GEBA focuses on cultured isolates that have a formal species description (type strains). A frequent misconception is that FTY720 molecular weight the types used in taxonomy (type strains, type species, type genera etc.) are taxonomic types used for representing a certain taxon by its most typical member. If so, they were bound to, and dependent on, certain taxonomic views such as species concepts or even the general notion that evolution is best represented by a hierarchical classification such as the currently dominating Linnean taxonomy [3]. The critique of hierarchical classifications as being unsuitable for microbiology because of the occurrence of lateral gene transfer, yielding rather a network than a hierarchy [4], would then also affect GEBA.
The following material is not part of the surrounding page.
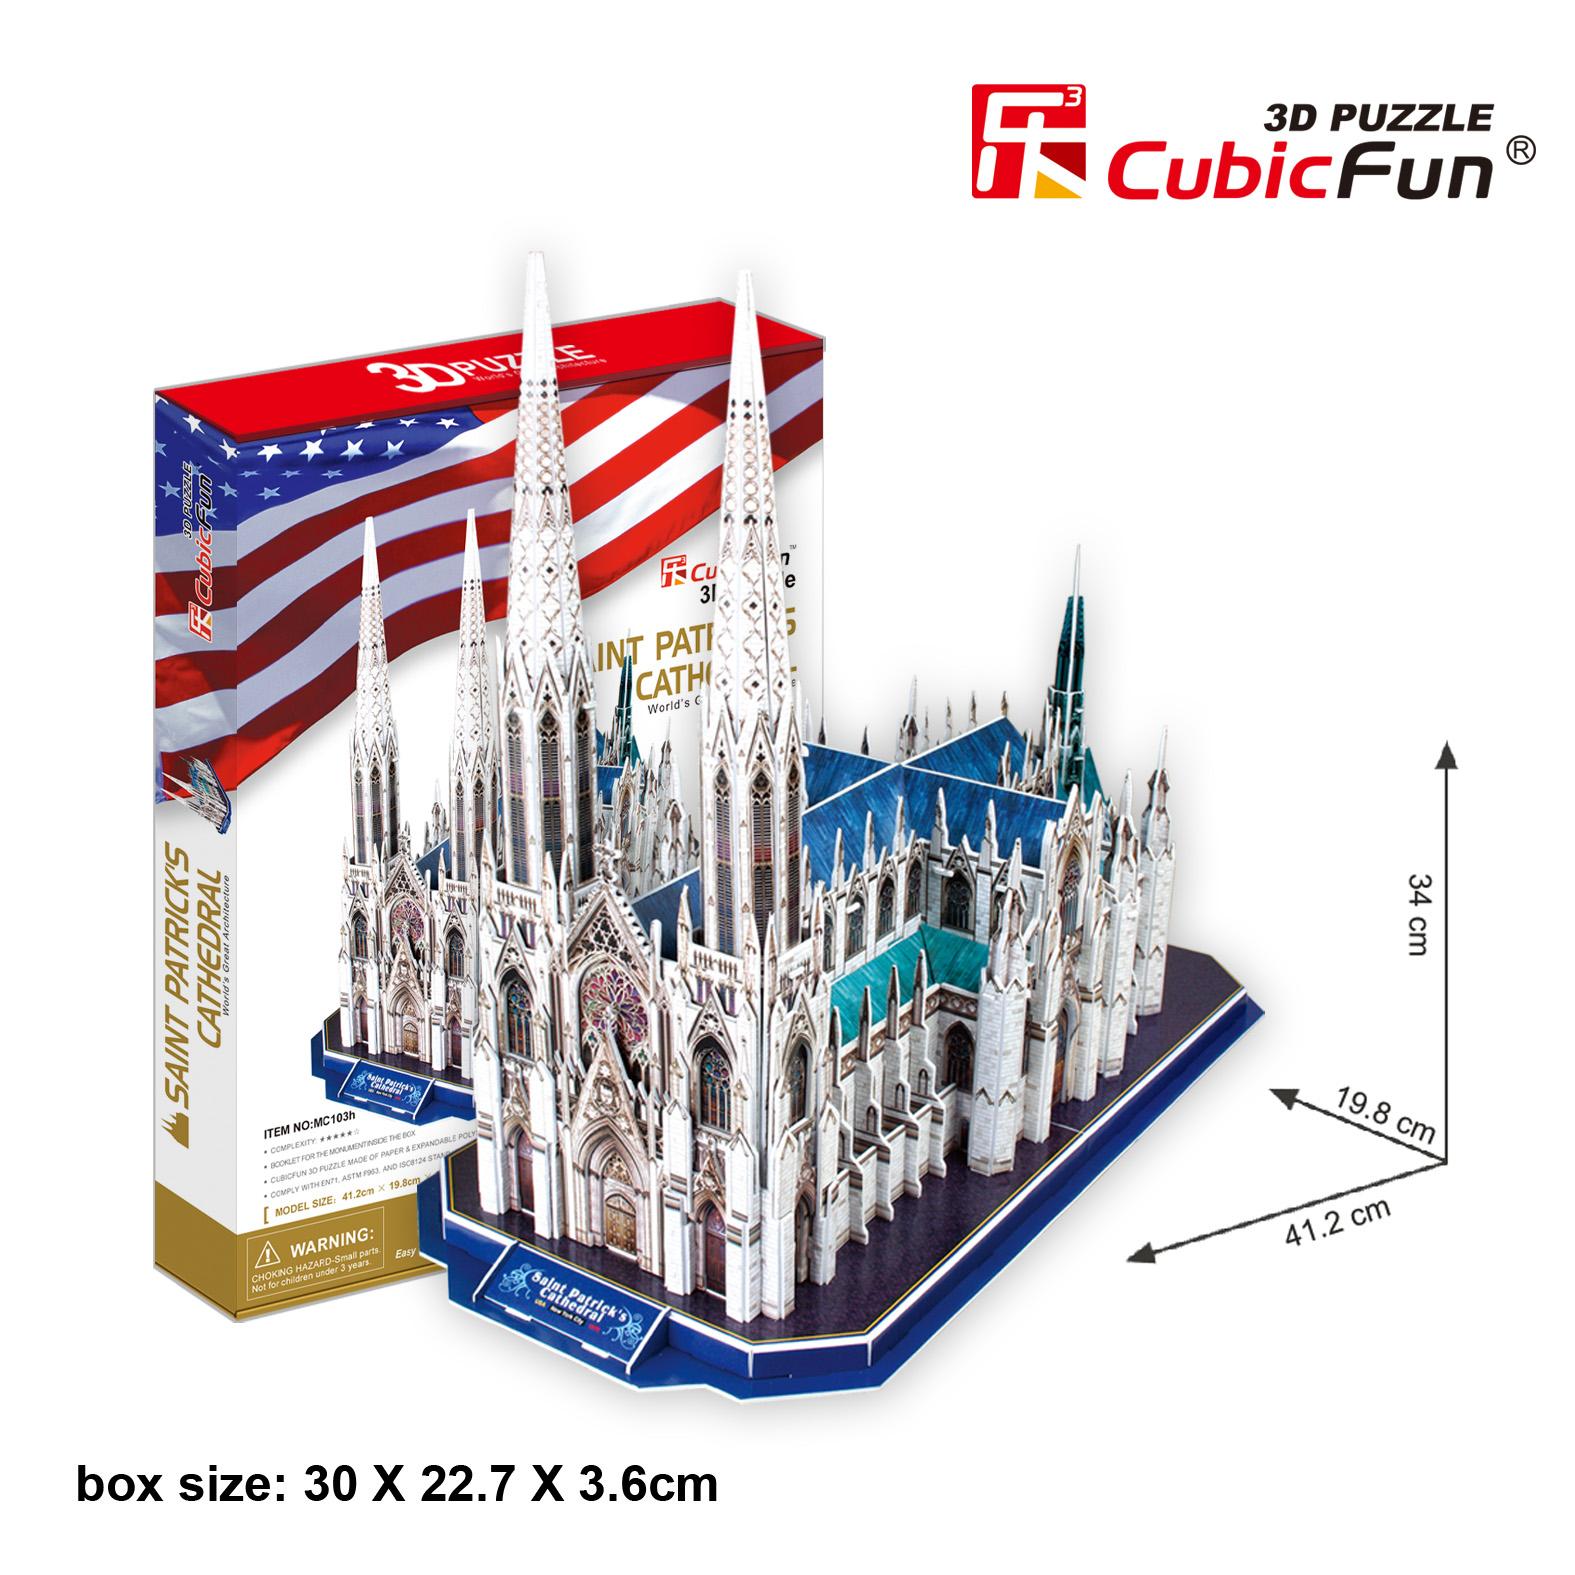 Mô Hình Giấy Cubic Fun Nhà thờ Matthias MC128h  Giá 383000đ tại Tikivn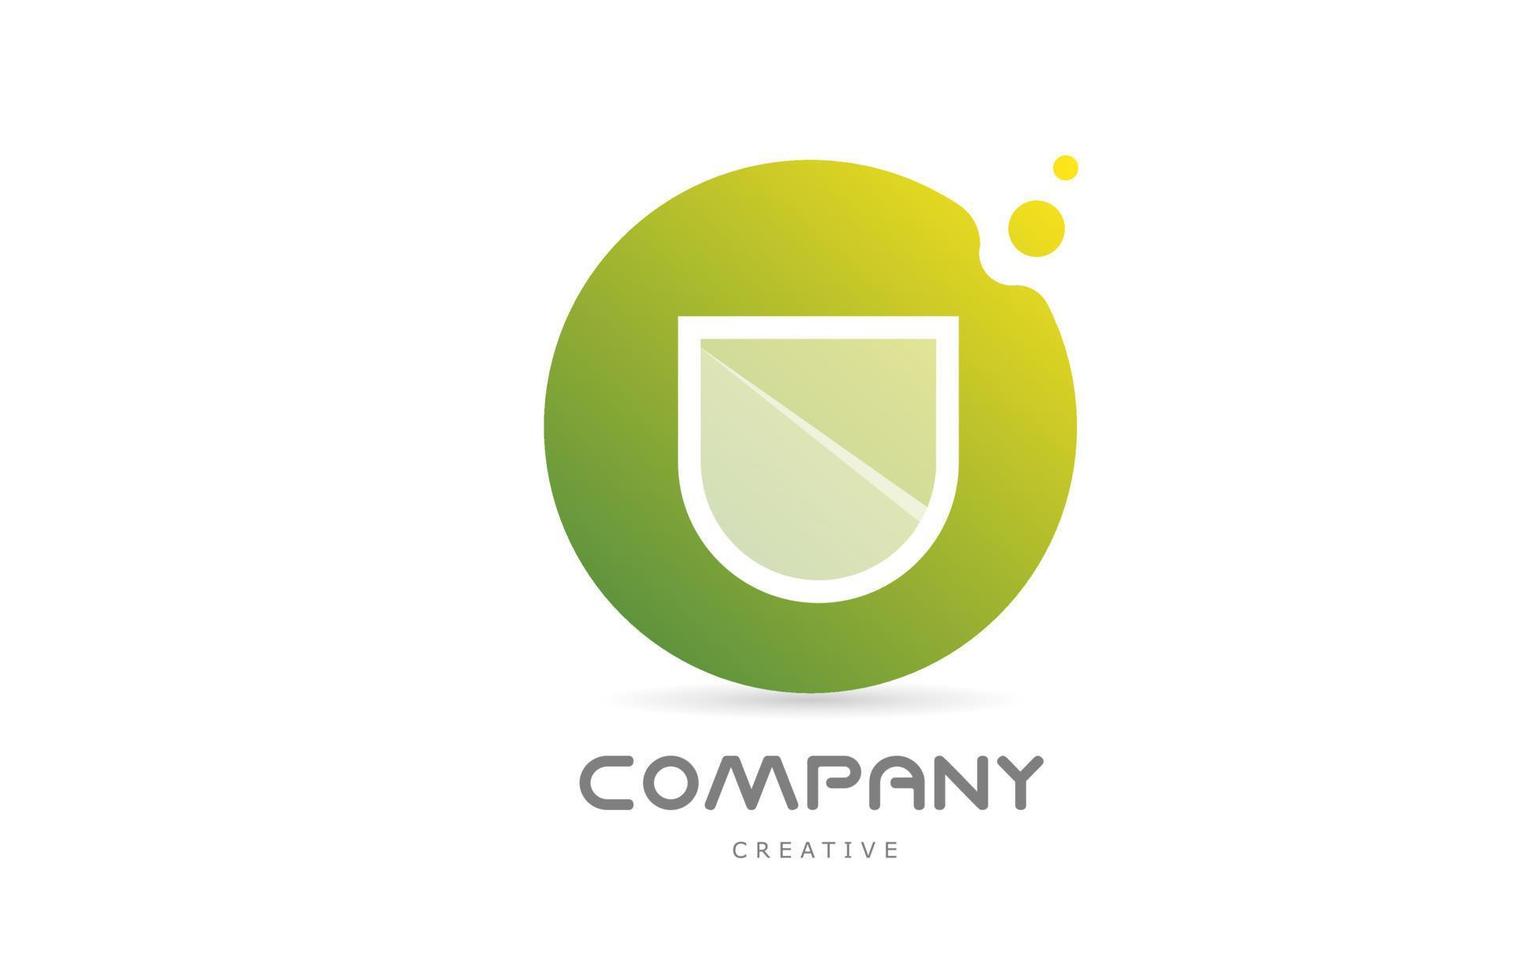 puntos verdes u icono del logotipo de la letra del alfabeto con transparencia blanca. plantilla creativa para negocios vector

But types are nomenclatural constructs which, given a certain taxonomic view, define which names are to be used for a taxon [5]. In microbiology, the use of type strains for genome projects has the additional practical advantage that these strains are guaranteed, or nearly so, to be deposited in at least two distinct culture collections in two distinct countries [6,7]. This ensures that living material is available for follow-up studies that test genome-sequence-derived hypotheses. The availability of biological reference material or even genomic DNA (gDNA) [8] is a great step forward to ensuring reproducibility of the results [2]. The target organisms of GEBA are selected using a 16S rRNA gene-sequence-based phylogenetic tree (the gene on which the current bacterial and archaeal classification is largely based [6,9]), progressively filling in the genomic gaps [10].
Phylogeny-driven genome-sequencing projects are promising for improving microbial classification [4] and particularly for the binning of metagenomic sequences [10]. In the long term, the genomes of representatives of each branch of the tree of life, and of all type strains at the time of accession into public culture collections, will likely be sequenced. But GEBA targeted the organisms deemed genomically more interesting [10] first, and thus required a phylogeny-derived scoring system [11,12] covering all strains of potential interest. GEBA started with a pilot project (165 strains) that was subsequently extended to approximately 250 target strains and then followed by two phases of 1,000 target strains each. About 140 GEBA genomes have been published at the time of writing (October 2012).
For instance, target organisms of the GEBA pilot project included the type strains of Ktedonobacter racemifer, the bacterium with the largest genome sequence obtained to date [13], and Pyrolobus fumarii, the archaeon with the highest Anacetrapib known optimal temperature [14]. Taxonomic conclusions (e.g., reclassifications) were drawn from some of the newly obtained genomic information [15,16].